Unter Gamern ist "Final Fantasy" ein bekannter Begriff, unter Bücherfreunden wohl eher weniger. Die Spiele dieser Reihe faszinieren aber mitunter immer wieder durch dynamisch konzipierte Figuren und spannende Handlungen und diese Mischung bereichert nicht nur RPGs [Role-Playing (Video)Games] sondern eben auch jedes Buch...

 

Klappentext von "Das Lied des Sturms" :

Die Welt von Vana´diel ist für Abenteuer wie geschaffen. Überall gibt es zahlreiche Möglichkeiten, sich als Magier, Krieger, Dieb oder Ritter zu verdingen und Ruhm und Ehre zu ergattern. Aber auch der Tod lauert hinter jedem Fels und jedem Strauch.
Das muss der junge Alfred sehr schnell am eigenen Leid erfahren, als er sich unversehens im größten Abenteuer seines Lebens wieder findet. Seite an Seite mit der eigensinnigen Magierin Iris bricht er zu einer Reise auf, wie sie gefährlicher nicht sein könnte. Denn die Stämme der Orcs und Goblins haben sich erhoben und irgendwo im Hintergrund zieht eine unheimliche Macht die Fäden…

 

Meine Meinung:

Zunächst möchte ich noch erwähnen, dass verschiedene Buchreihen von Final Fantasy existieren.
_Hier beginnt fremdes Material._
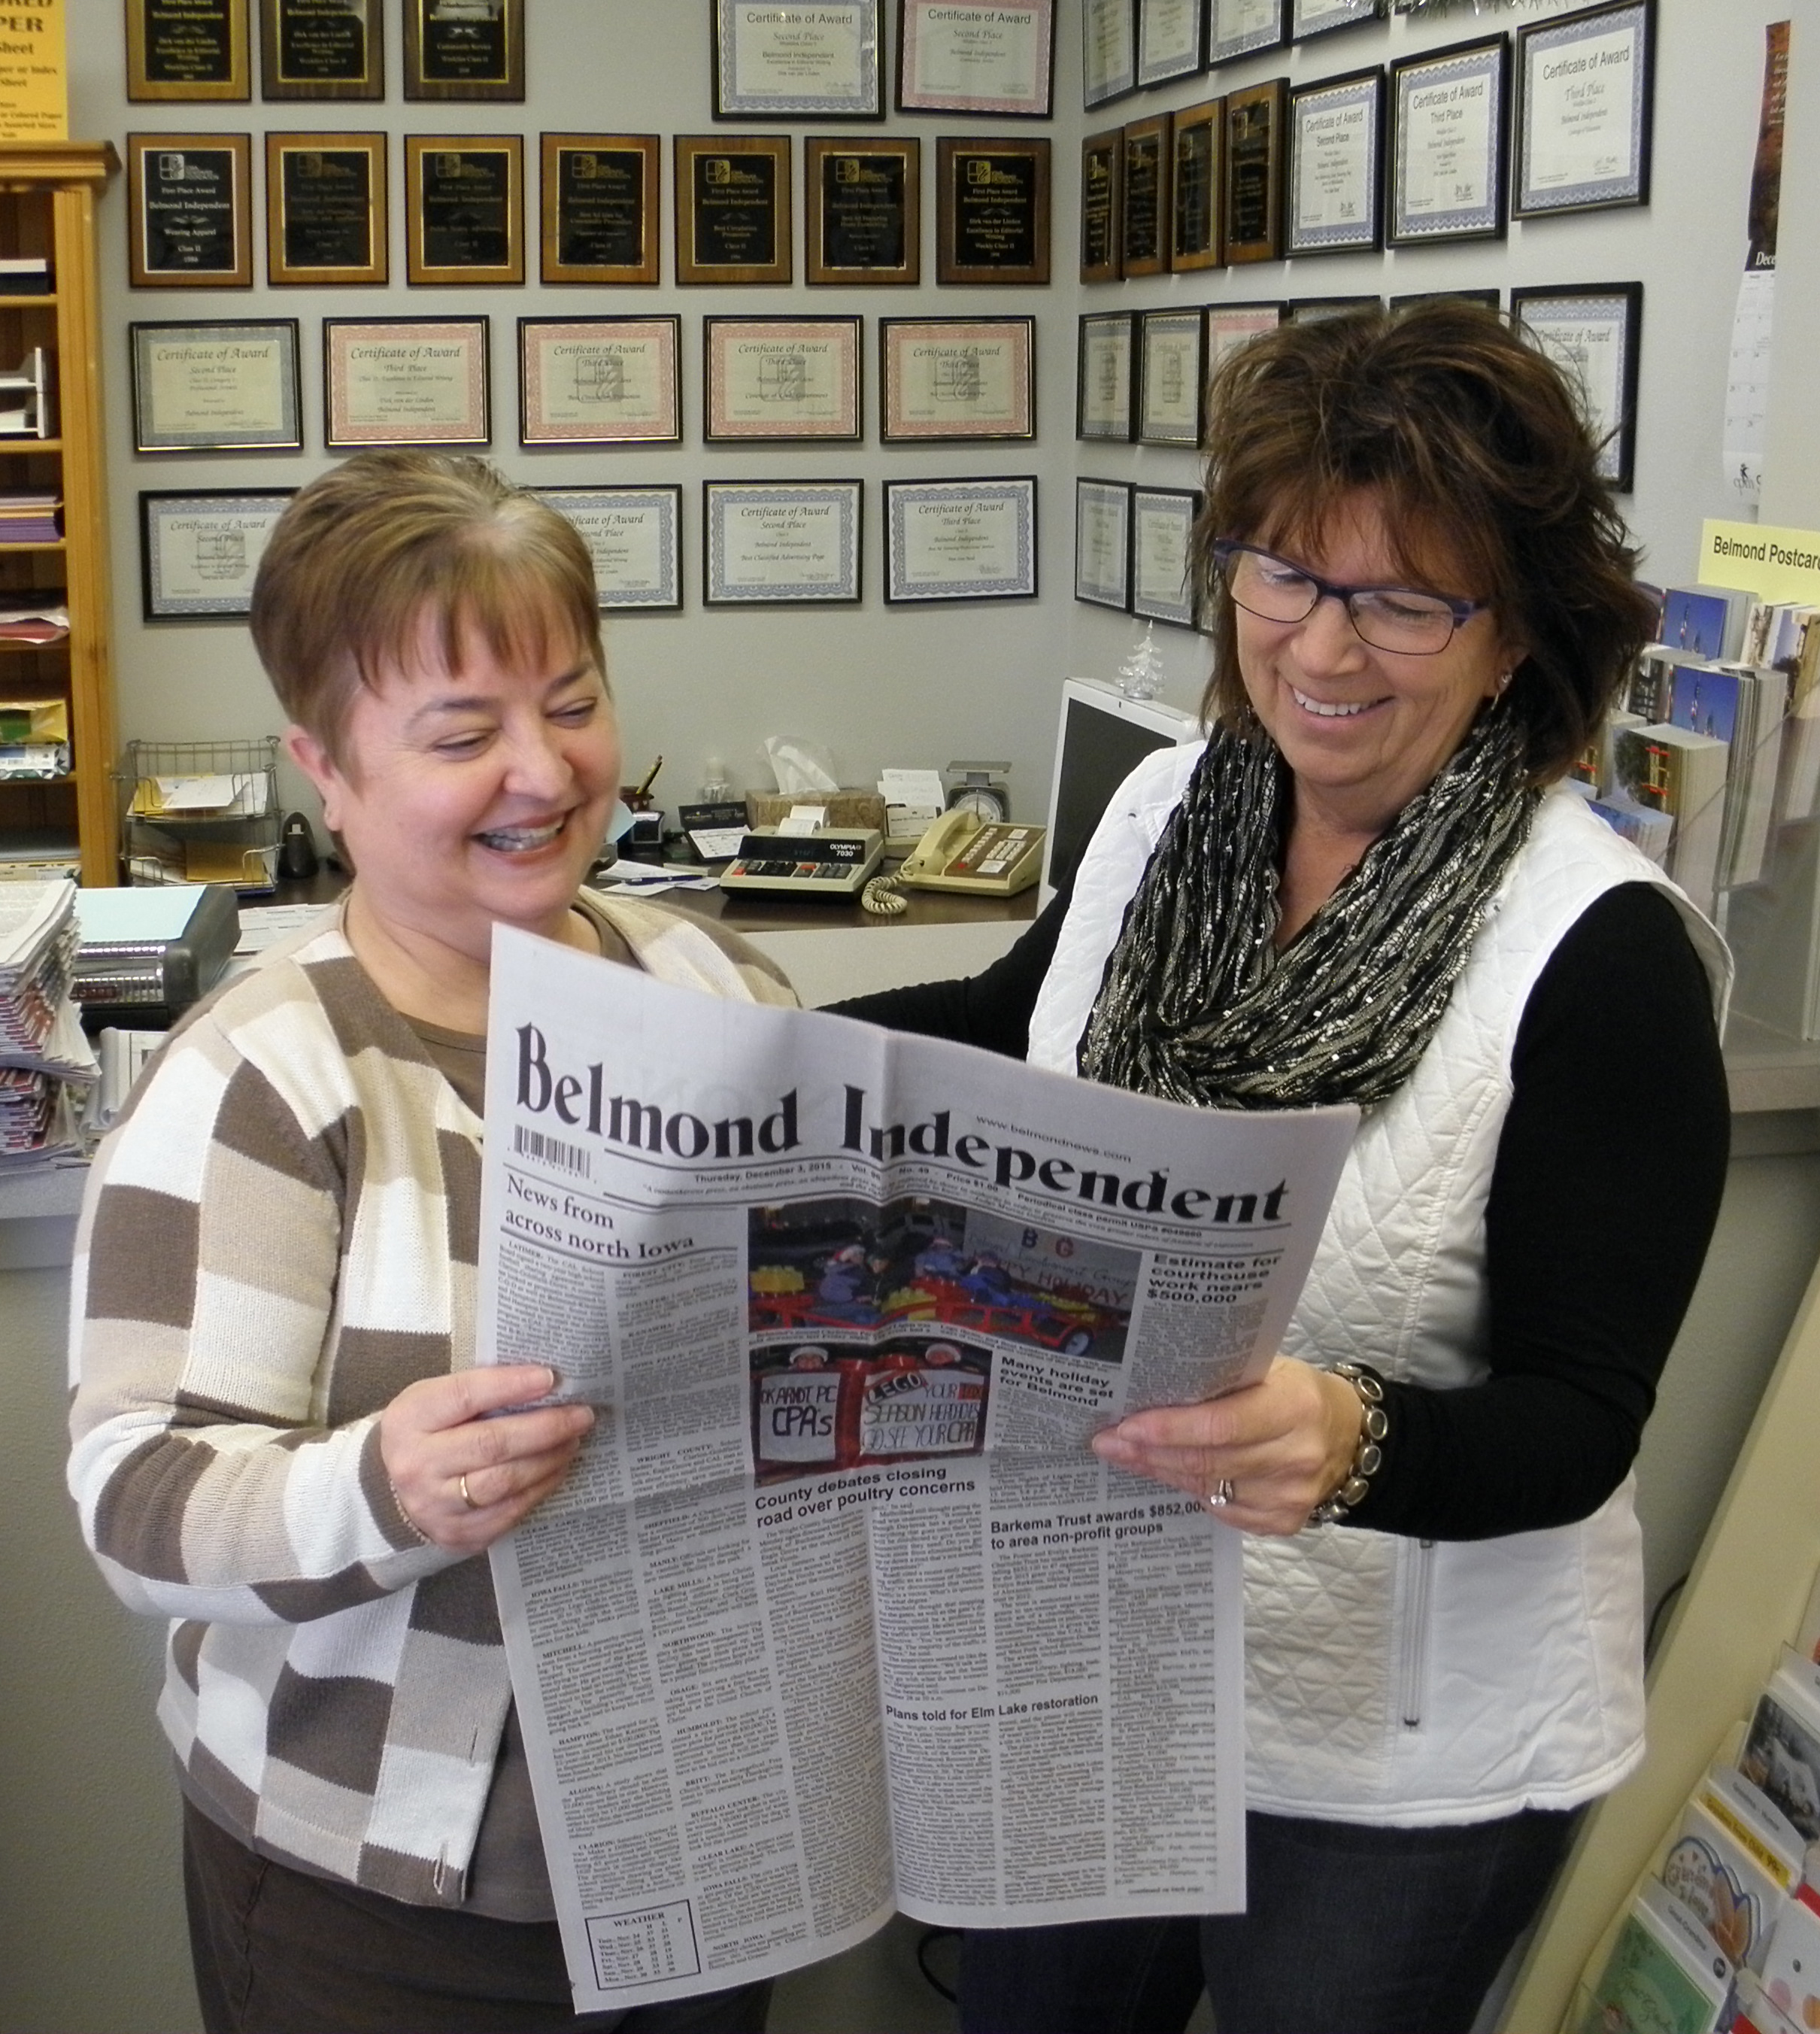 Lee van der Linden, ’80, (left) talks with Connie Mattison, owner of the Klemme House Bed and Breakfast in Belmond, Iowa. Mattison advertises in the Belmond Independent, which Lee and her husband Dirk, ’78, have owned for 30 years. Courtesy of Lee van der Linden

Die Teile beziehen sich aber alle auf das Final Fantasy XI Online Spiel und hängen untereinander mehr oder weniger zusammen. In meinem Regal stehen:

Wer hier Literatur vom feinsten erwartet wird enttäuscht. Es ist definitiv keine Buchreihe die man der Poetik wegen liest. Zum Teil hat es einfach zu viel Videospielcharakter, beispielsweise ist wirklich davon die Rede dass Iris (eine Weismagierin) die Zauberformel für "Heilen" aufsagt und dabei werden eben plump die Bezeichnungen der "Attacken" (hier also "Heilen") in den Satz gesetzt. Fast erwartet man, dass große Kämpfe Sätze wie: "und Iris erreichte Level 13!" nach sich ziehen. Hier kann ich aber Entwarnung geben ;) Für Jugendliche die die Games lieben kann ich diese Bücher aber trotzdem empfehlen. Sie sind einfach zu lesen und perfekt um mal das Gefühl zu haben, man befände sich wirklich in einer Welt von Final Fantasy. Cid (eine Figur die wohl in jedem FF-Game zu finden ist) taucht auch auf, was mich damals beim Lesen gefreut hat. Auch gefallen hat mir dass in den ersten Seiten der Bücher oft Zeichnungen der Protagonisten im Mangastil zu finden sind.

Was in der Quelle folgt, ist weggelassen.